For almost seven years Greece has struggled to deal with the hordes seeking asylum after the EU closed its borders to them, dumping the problem on the country when it was undergoing and economic and austerity crisis.

The new camp, over the objections of some residents weary of hosting refugees and migrants, was opened in September 2021 and those detained there it’s like a modern jail, not a camp, said the Canadian Broadcasting Corporation (CBC) in a feature report.

The Greek Ministry of Migration and Asylum would not allow CBC inside the Samos camp, citing an “excessive workload,” and in a statement, Greek authorities said the living conditions are far from harsh in these kinds of facilities, saying they create “a sense of security for the residents of the islands and between the migrants.”The camp is surrounded by multiple barbed-wire fences and equipped with a security system that includes CCTV cameras, magnetic gates and X-ray technology. Entry and exit are controlled and a curfew is imposed at night,

Anitta Hipper, the EU Commission spokesperson for Home Affairs, told the news site that it instead “represents a significant improvement of reception conditions for asylum applicants.”

She said it’s not technically a closed facility because it has an entrance and exit system but many of those kept there aren’t buying that argument and are complaining about it.

“When you first see it, it looks a bit like a prison,” Sae Bosco, the communications and advocacy co-ordinator at Samos Volunteers, a local non-governmental organization (NGO) told the site.

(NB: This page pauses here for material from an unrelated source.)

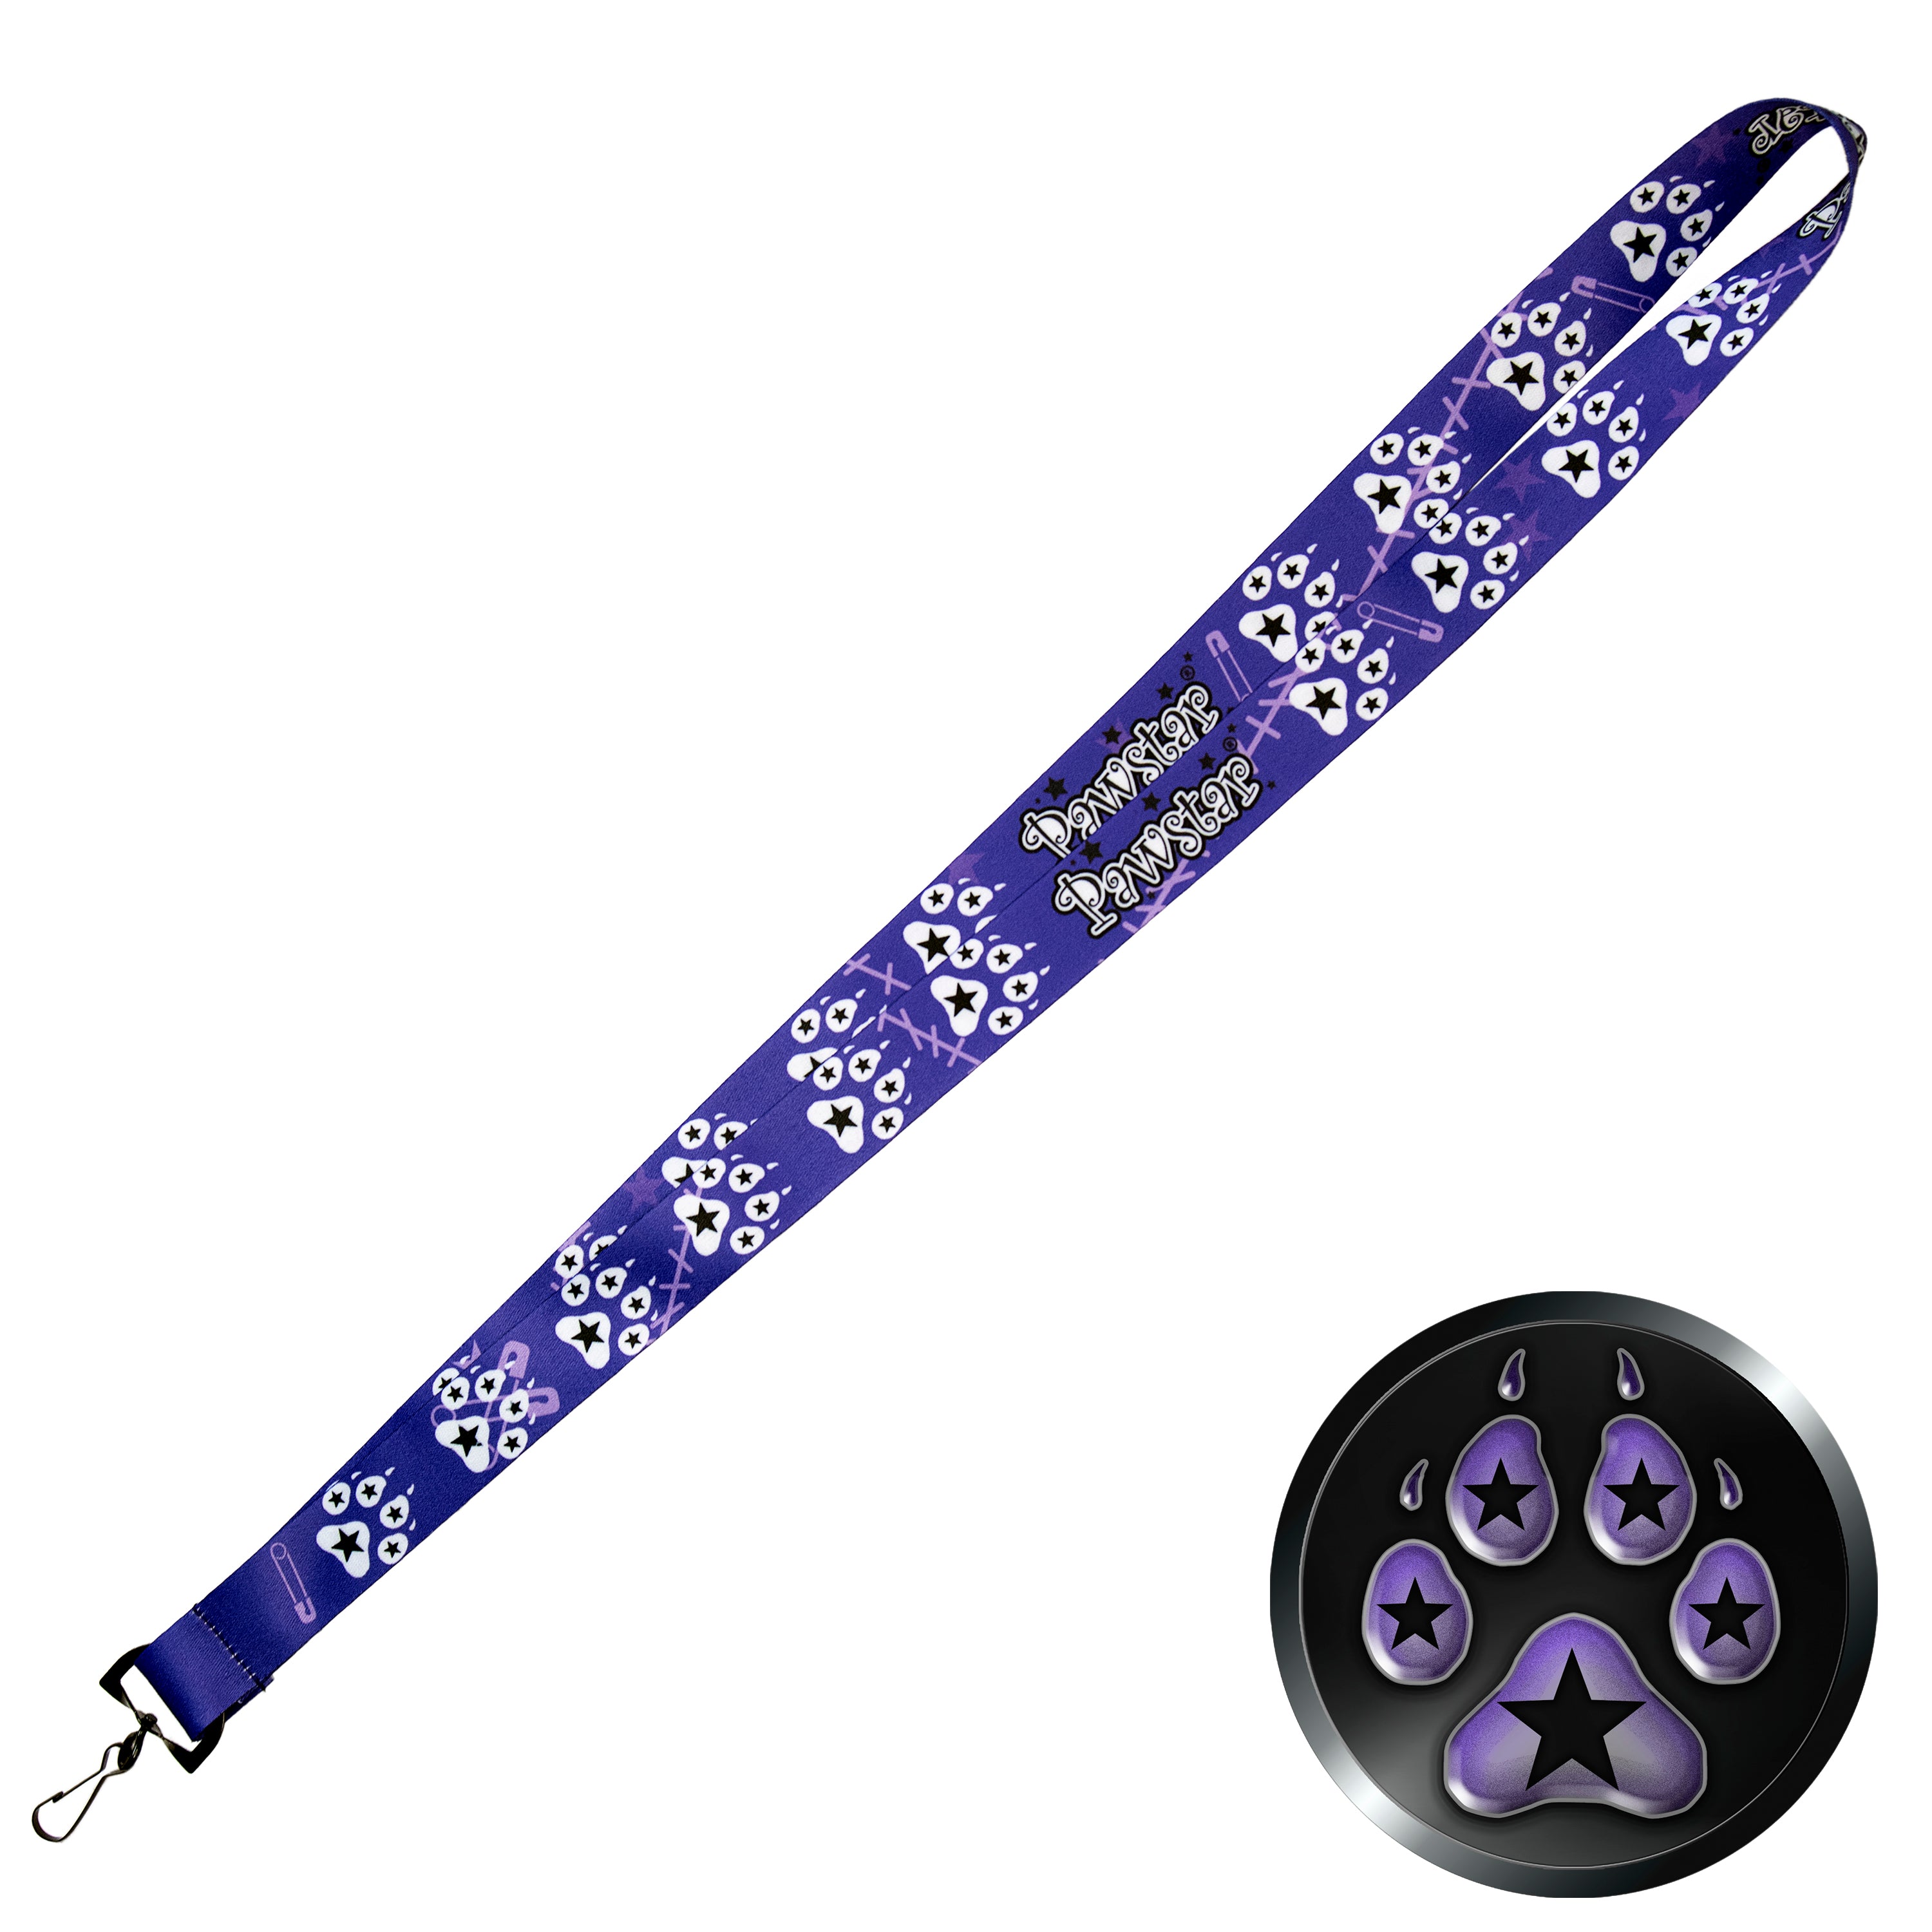 Pawstar Lanyard - Pawstar Pawstar Lanyard autopostr_pinterest_64606, cosplay, costume, furry, ship-15, ship-5day, swag

She said residents there said it’s too restrictive. “They feel like they did something wrong, but haven’t. It’s difficult for them to have a normal life … it’s really negative on people’s mental health,” she said.

COLD COMFORT

Samos saw more than 1600 refugees and migrants come so far in 2022 during the waning COVID-19 pandemic but it’s rising again although the onset of winter and the perils of trying to cross the Aegean, sent by human traffickers, tends to slow.

The United Nations High Commissioner for Refugees (UNHCR) said that Greece has recorded more than 13,500 arrivals so far this year, including around 9,000 by sea, others trying to cross the land border with Turkey near the treacherous Evros River where a wall is being extended to keep them out.

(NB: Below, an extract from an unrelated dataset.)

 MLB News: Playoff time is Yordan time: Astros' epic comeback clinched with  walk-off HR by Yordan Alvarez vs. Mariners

The majority of them have been from Afghanistan, Somalia, Syria or the Palestinian territories, and are coming from traumatic situations and some saying it’s being perpetuated in Greece where the New Democracy government has been accused of pushing them back, which it denies.

Ella Dodd, a legal co-ordinator at I Have Rights, another NGO in Samos, who works daily with asylum seekers said the fear the officers policing the camp, who have a reputation for forcing migrants back across borders.

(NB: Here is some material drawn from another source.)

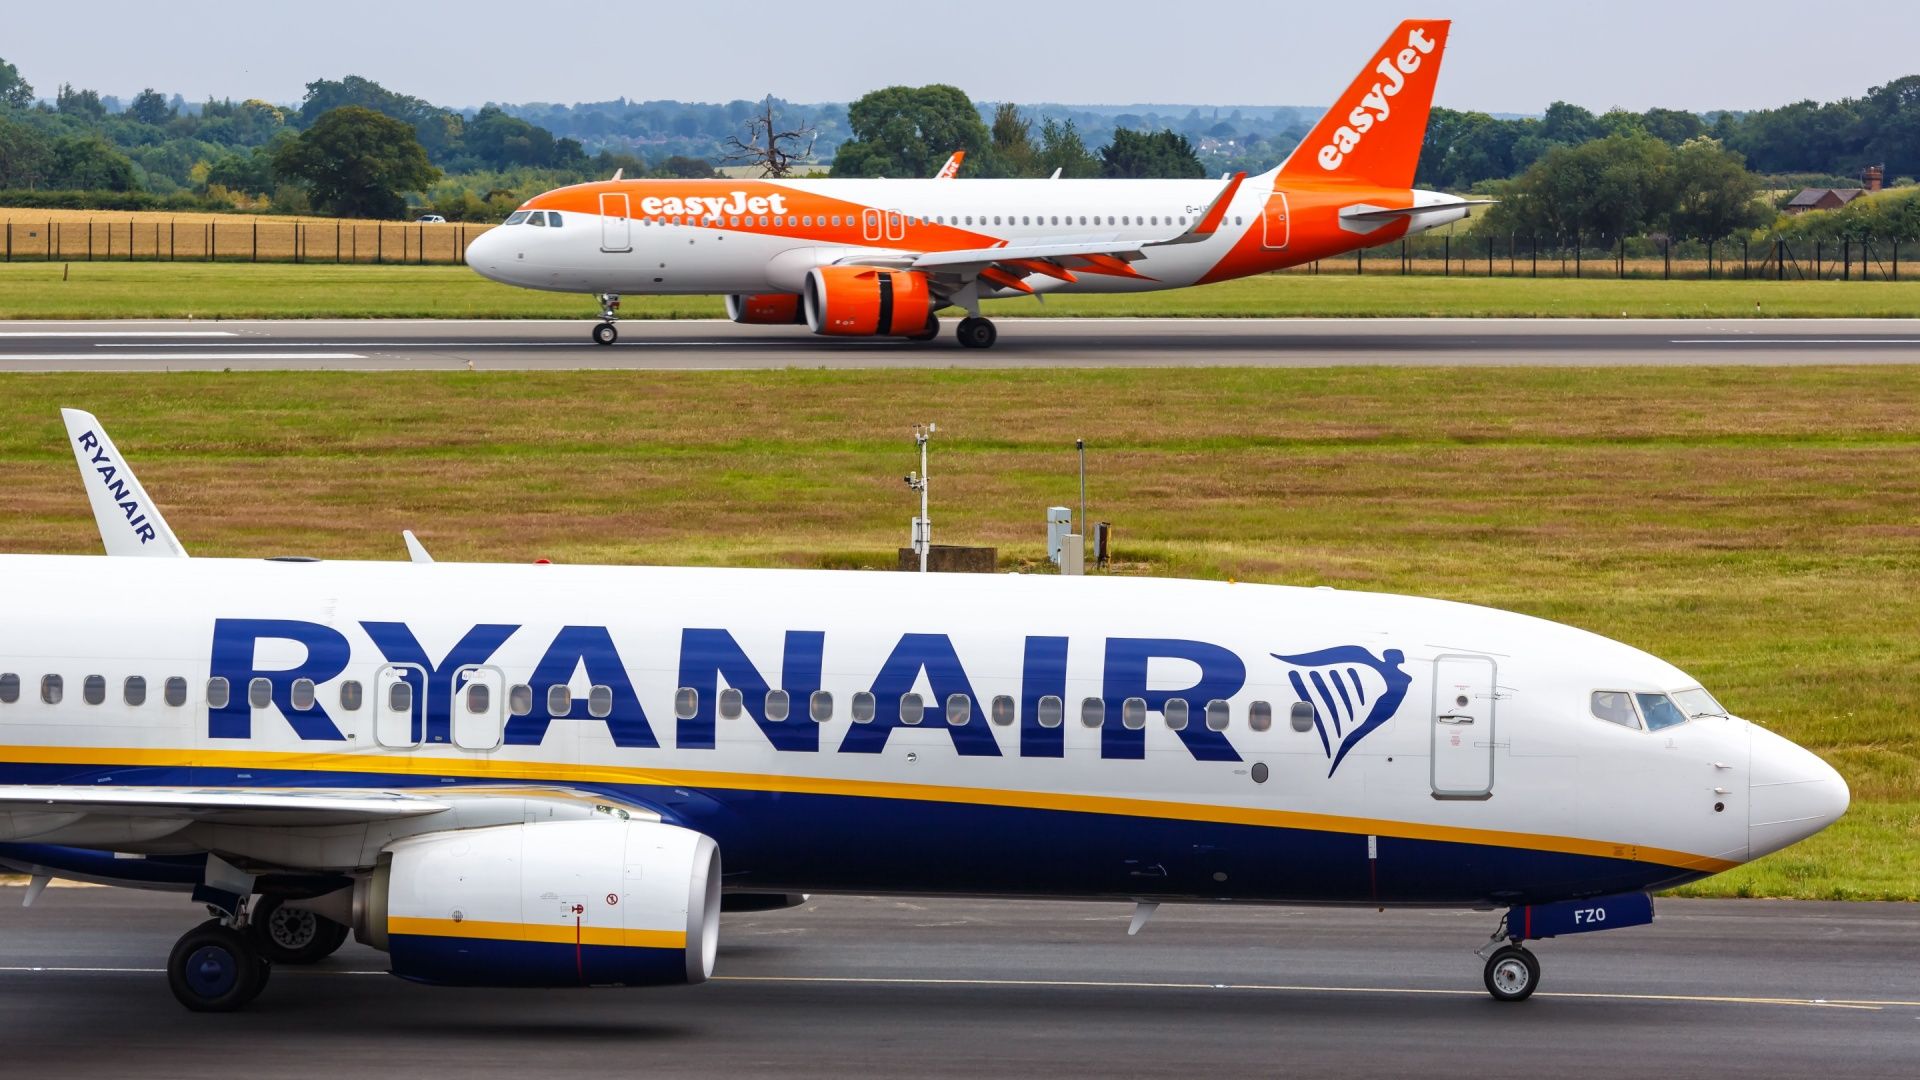 Ryanair and easyJet aircraft on an airport apron.

“People are terrified about speaking out about the police violence … because they are (under) constant control by the police. You have people who have been pushed back many times before, and they are aware of who did these pushbacks,” she said.

Turkey hasn’t been penalized for allowing traffickers to keep sending them while criticizing Greece for the alleged pushbacks, with human rights groups, activists and NGO’s also complaining it’s being done.

A first camp on Samos held 7000 people there in a space built for 700 and there were inhumane conditions, critics said, including not enough toilets, drinking water or electricity, and with rats and snakes.

While NGOs agree that sanitary conditions have improved with the new CCAC camp, most of these workers have refused to work inside the facility, in protest, the Italian news site also said.

“With the old camp, we used to have people waiting for a year before having an (asylum) interview date. Now, it will be a matter of weeks or months after their arrival – and then the decision comes out very quickly,” she said.

“Authorities don’t do a good job and properly investigate people’s claims,” she said, although it used to take up to two years of waiting to get an answer.

“I really think Samos is kind of a big trial.… It’s really scary, because people in this camp become invisible, because you put people in the middle of nowhere,” said Bosco. “This makes the problem invisible.”